You've seen 2 or more of these flags and have decided it's time to get out. Your next step is how will you go about it? Here are some options, depending on your businesses’ state when you decide to leave it.
Option 1: Cash In Your Chips
You have a well loved brand, good location with a great lease and are profitable and relatively debt free. Begin posting in places like business forums and groups, kijiji, and the local rotary club one year before you're ready to go. Sit down with a money coach (we love Judith Cane) and put a number on your business.
Option 2: Bankruptcy
You're drowning in debts and it's not getting any better. You're behind on rent, late to suppliers, and haven't paid yourself in months. You can protect yourself with a bankruptcy. For this you will need to hire a trustee (we love Collins Barrow on Moodie Drive) who will explain all of your options to you. A good trustee will explain your options thoroughly, and be empathetic. They will also deal with all the collectors, your landlord, and the CRA on your behalf so you can rest and reflect on what you'll do next without having stressful phone calls every day. I'll warn you ahead of time- you will have to sign literally 100 pages with “your name, bankrupt”. It'll make you feel like a piece of garbage. My partner Chris and friend Nat took me for an ice cream after, and I highly recommend it.
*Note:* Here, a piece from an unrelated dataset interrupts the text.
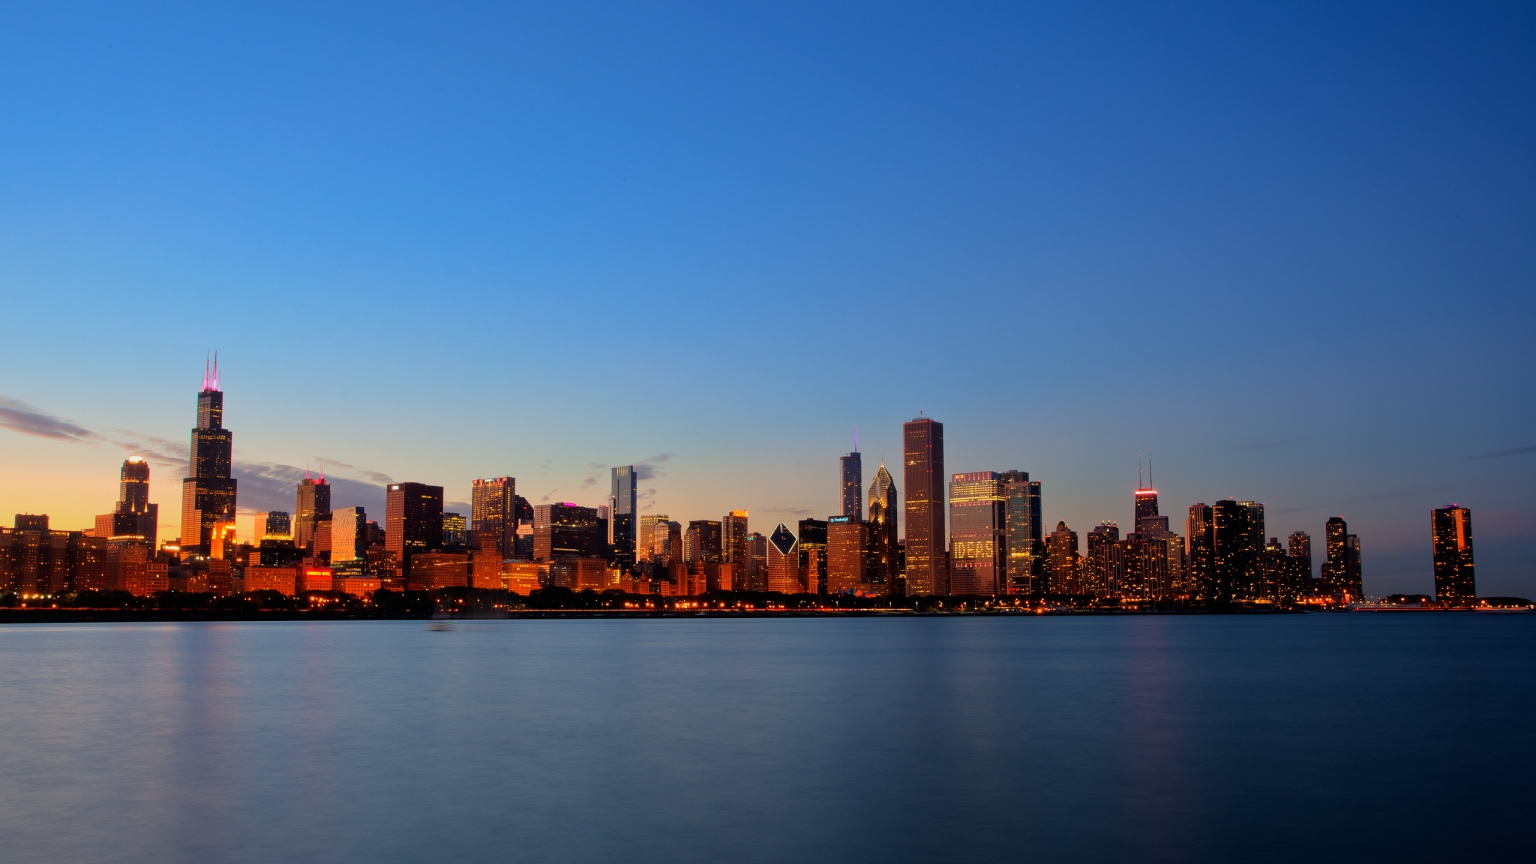 Chicago Skyline for 1536 x 864 HDTV resolution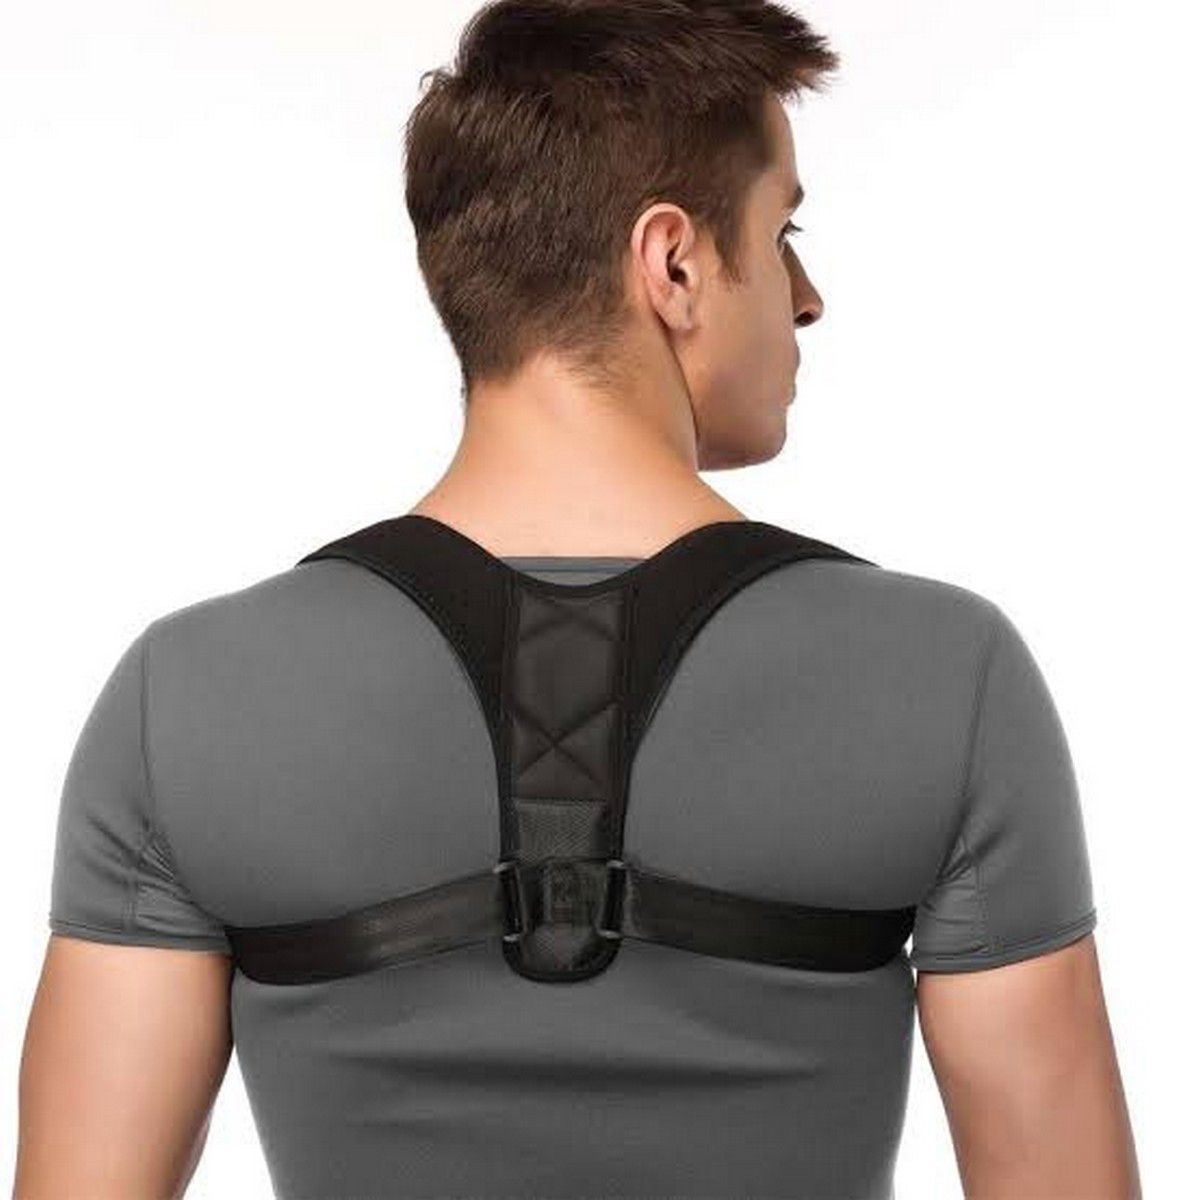 https://www.oshi.pk/images/variation/adjustable-posture-corrector-belt-corset-back-brace-back-belt-lumbar-support-straight-corrector-back-pain-relief-shoulder-back-22902-826.jpg

Option 3: Go Out Like A Lady
I really wish I'd been insightful enough for this option. Sales have slumped, you're organized and on top of your cash flow and can see you probably won't make it through the year without losing your shirt. You cut short your lease, put a polite public statement of closure on Facebook and liquidate what's left. Onward and upward.
Closing a business is never an easy choice, but it is a sad reality most entrepreneurs will face. Remember it's not the end, it's the beginning of your next adventure. Take time and be kind to yourself, explore your interests and rest. Like grieving a person, be ready to grieve your business. I personally am coming up on 2 years since my closure, and I still cry for my shop and my former staff. It's a daily process of moving through and past it. I find physical activity, journaling, meditation and great therapist will take you far.
As my great auntie Joan repeatedly said to me in her lovely British accent after I closed my shop, “Chin up, dahling.”